#### [Dataset extract]
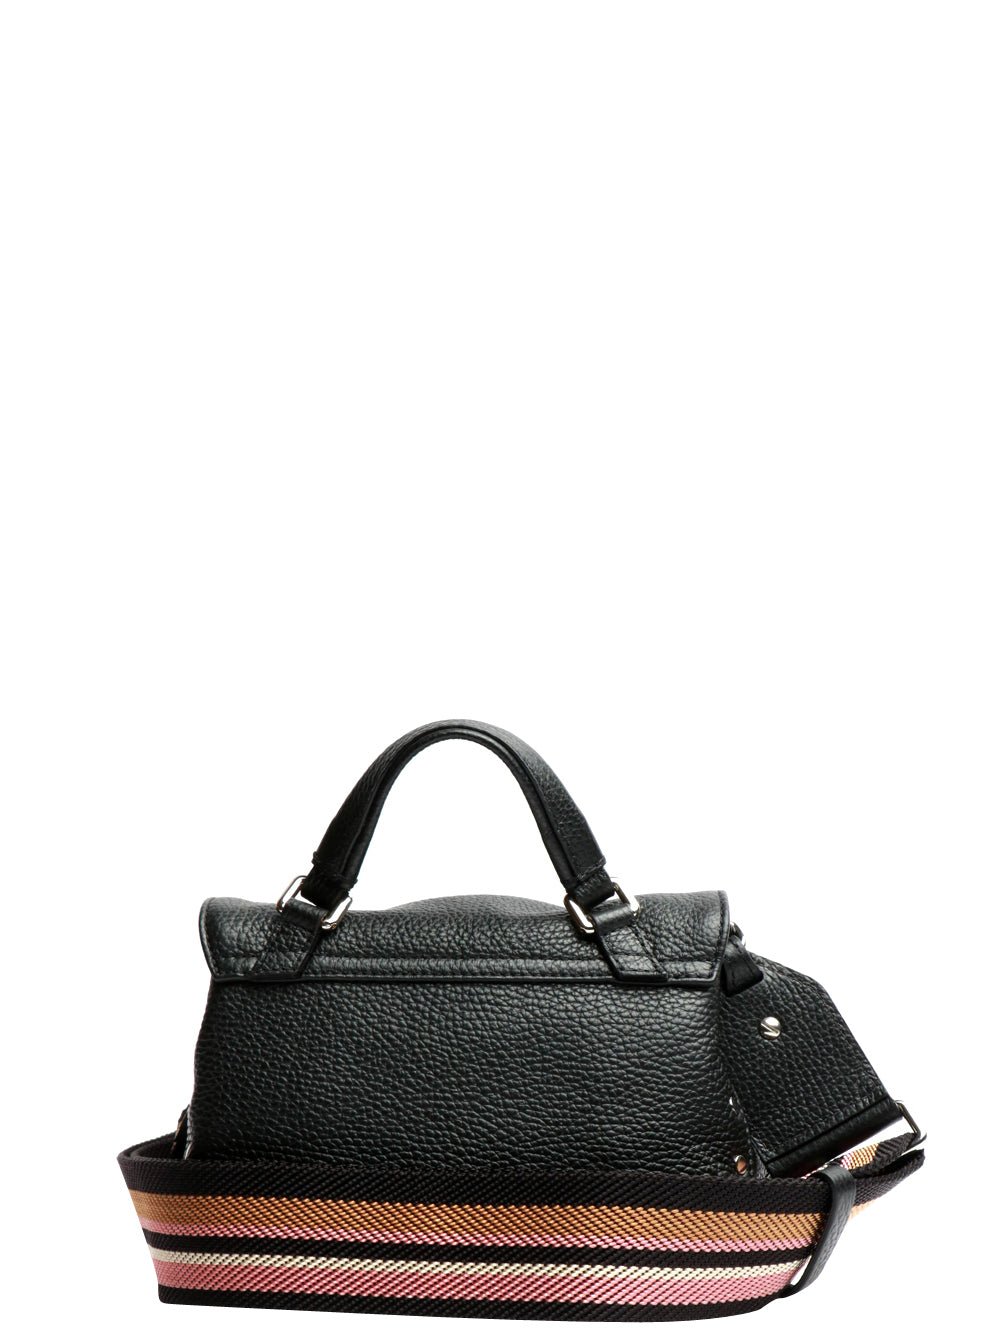 Postina Daily Baby Handbag in Black Leather with Shoulder Strap
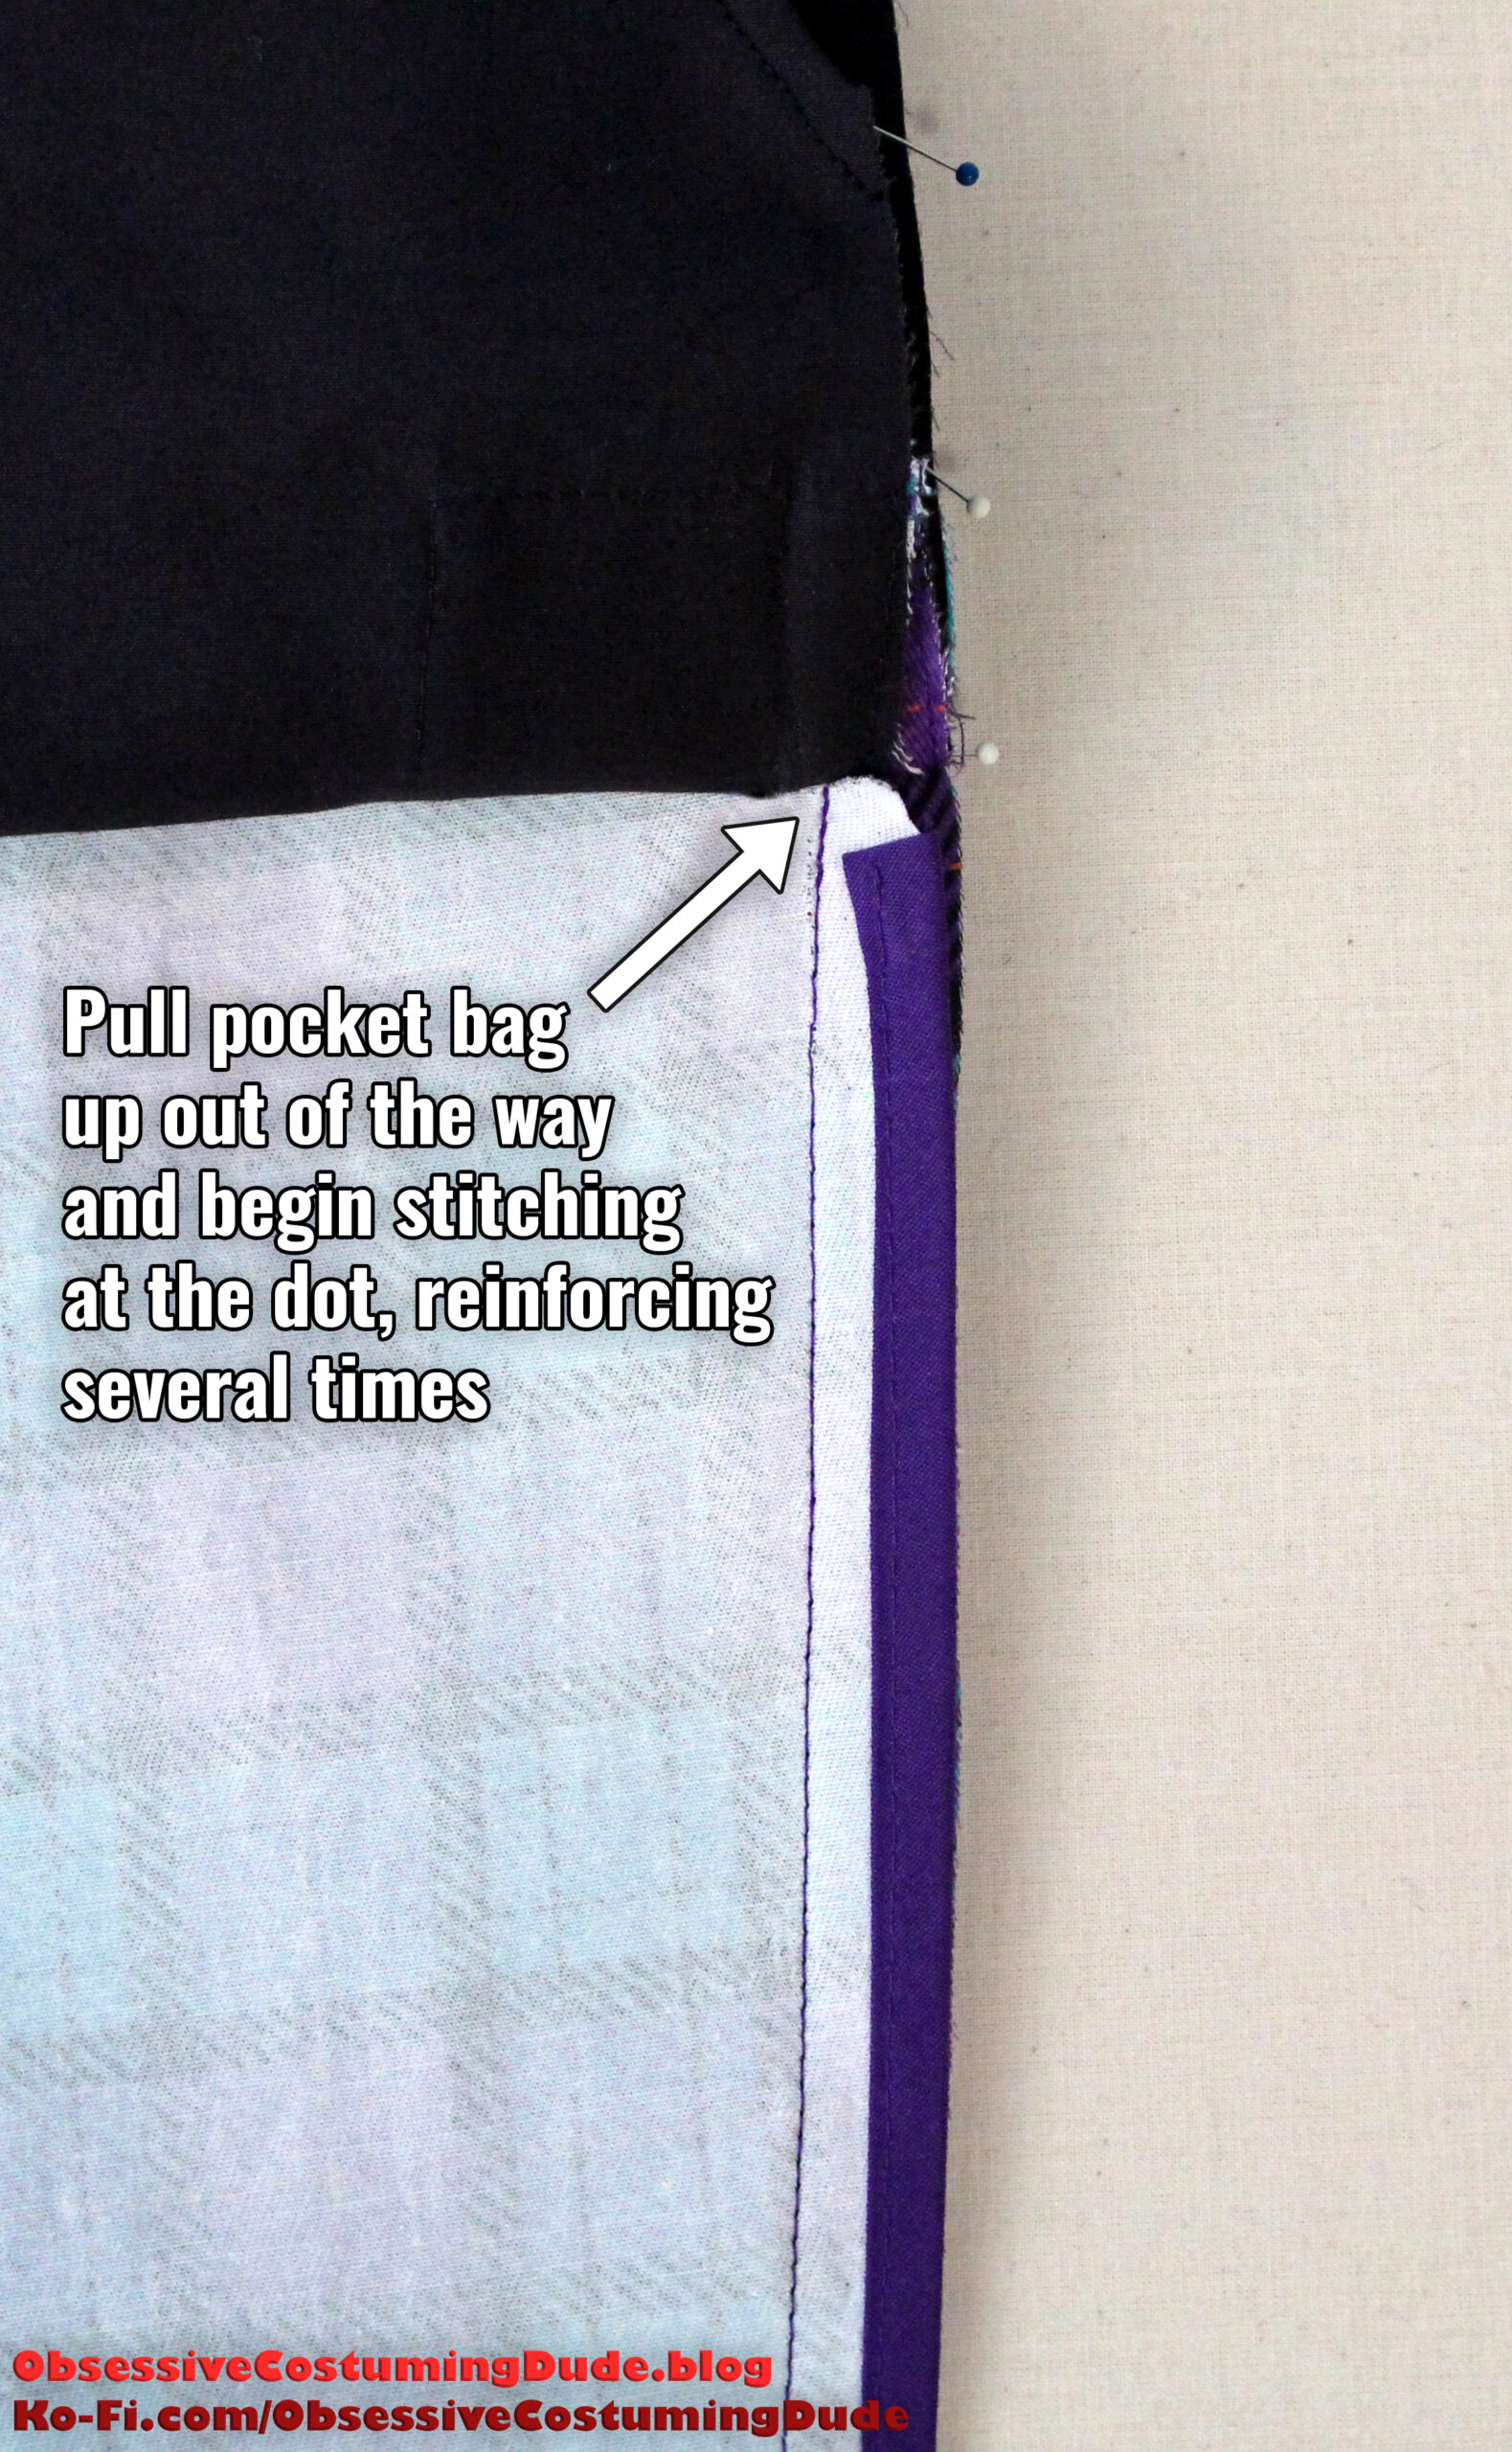 Joker trousers sewing tutorial - Obsessive Costuming Dude
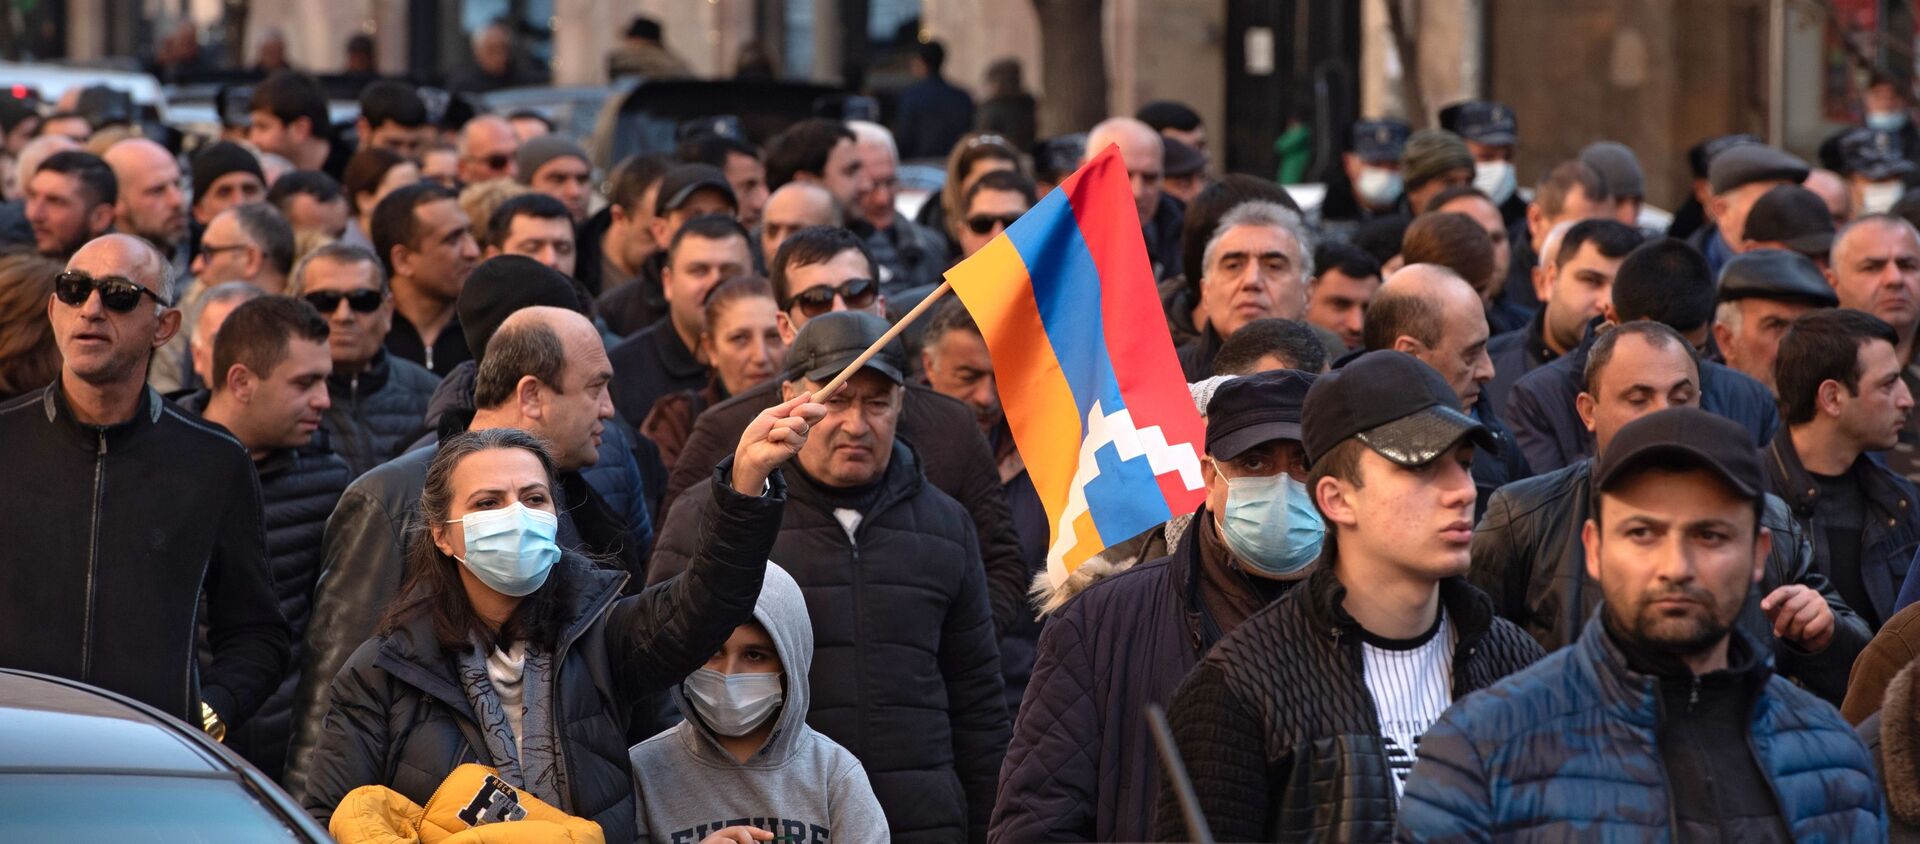 Участники митинга оппозиции в Ереване, Армения - Sputnik Молдова, 1920, 02.03.2021
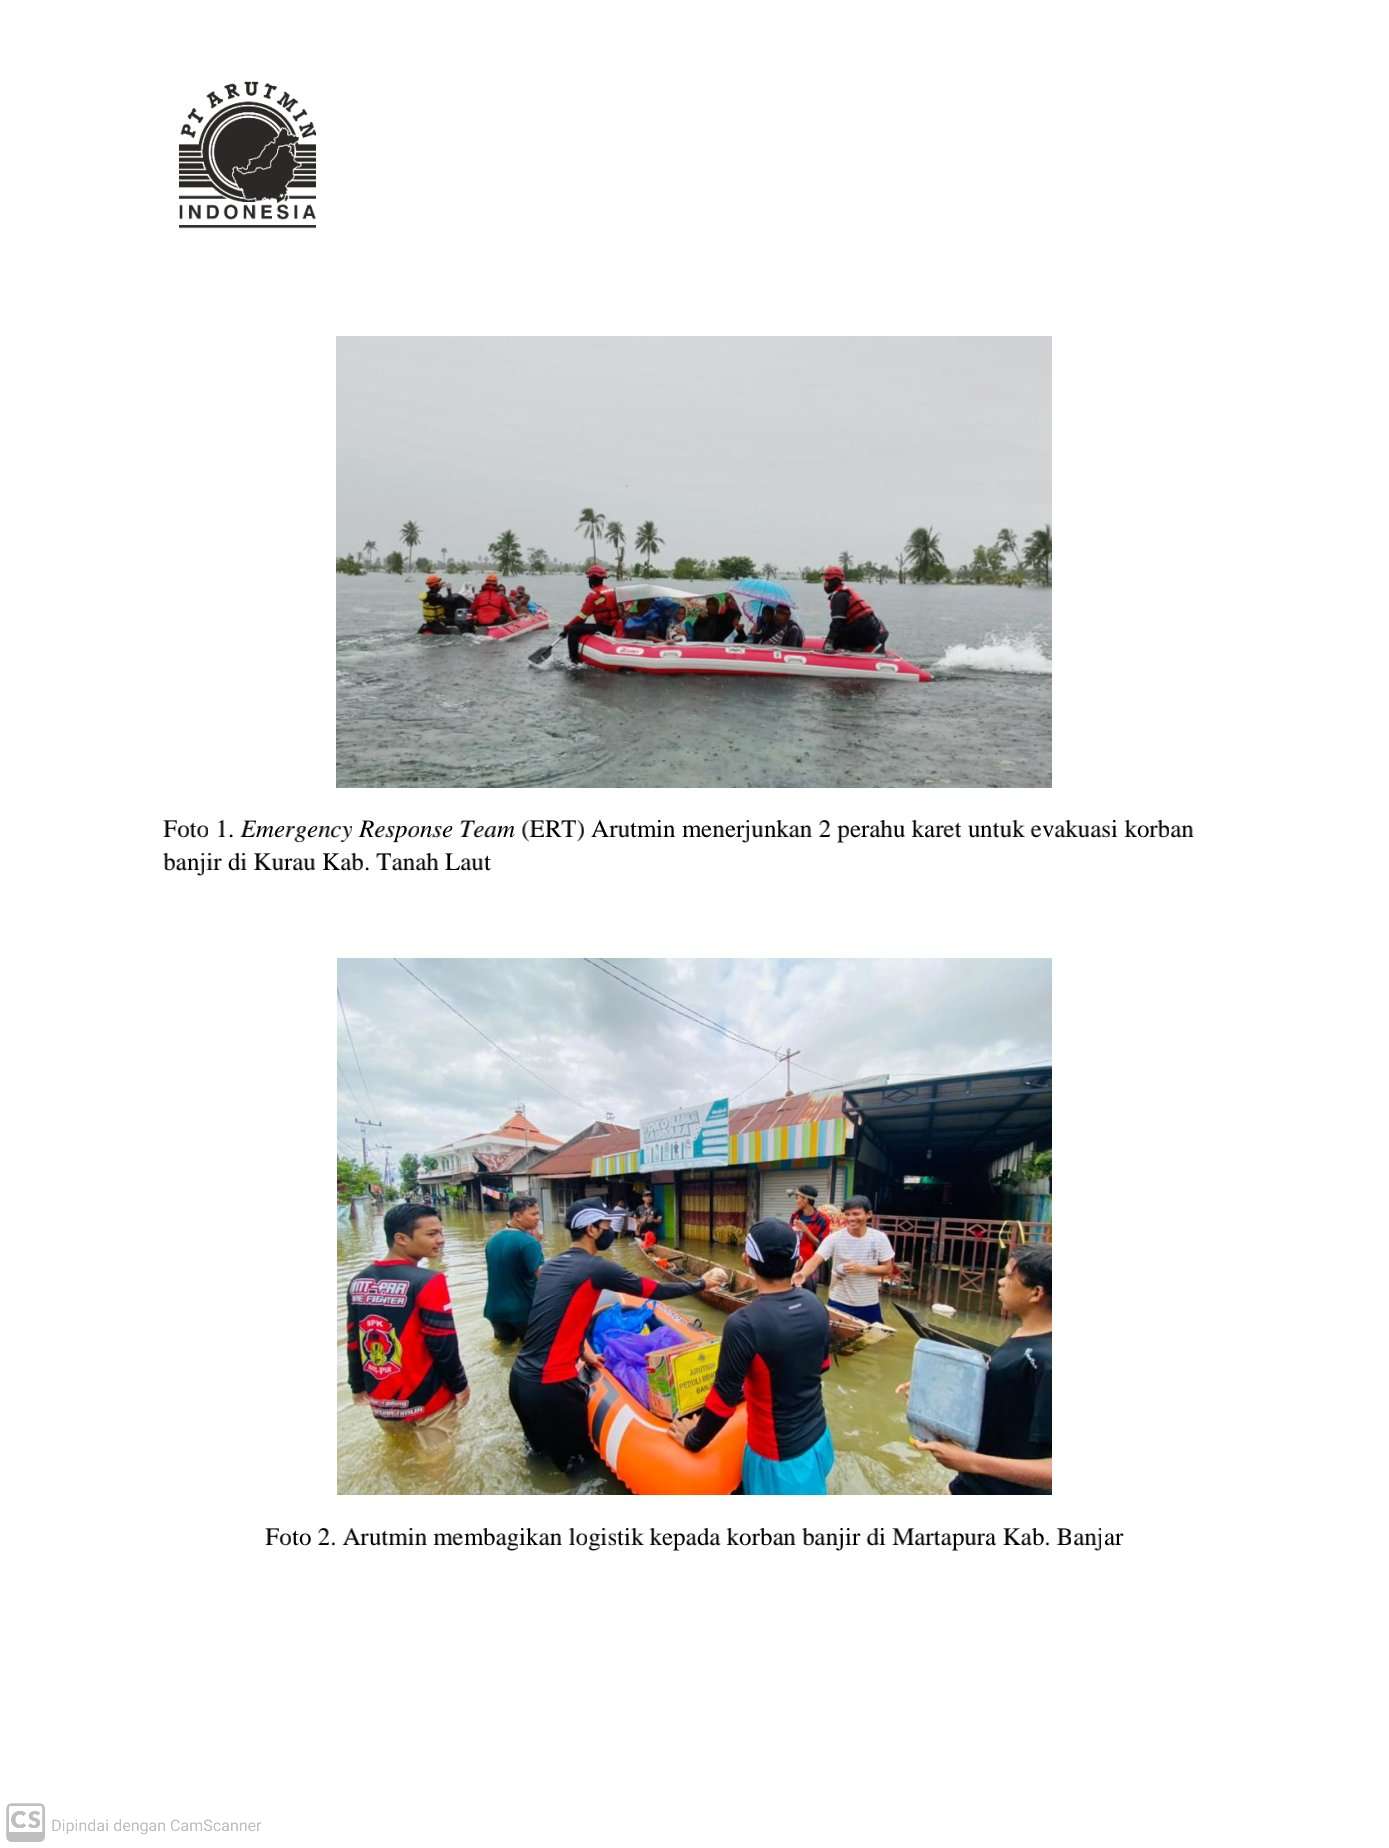 Arutmin Bergerak Ditengah Banjir, Rabby; 112 Perusahaan Dikotabaru Agar Bisa Bantu Korban Banjir

#### [What to work on]
The full data, repeated exactly and stripped of its pictures, is the expected answer.

#### [Response to the task]
 Postina Daily Baby Handbag in Black Leather with Shoulder Strap
 Joker trousers sewing tutorial - Obsessive Costuming Dude
 Участники митинга оппозиции в Ереване, Армения - Sputnik Молдова, 1920, 02.03.2021
 Arutmin Bergerak Ditengah Banjir, Rabby; 112 Perusahaan Dikotabaru Agar Bisa Bantu Korban Banjir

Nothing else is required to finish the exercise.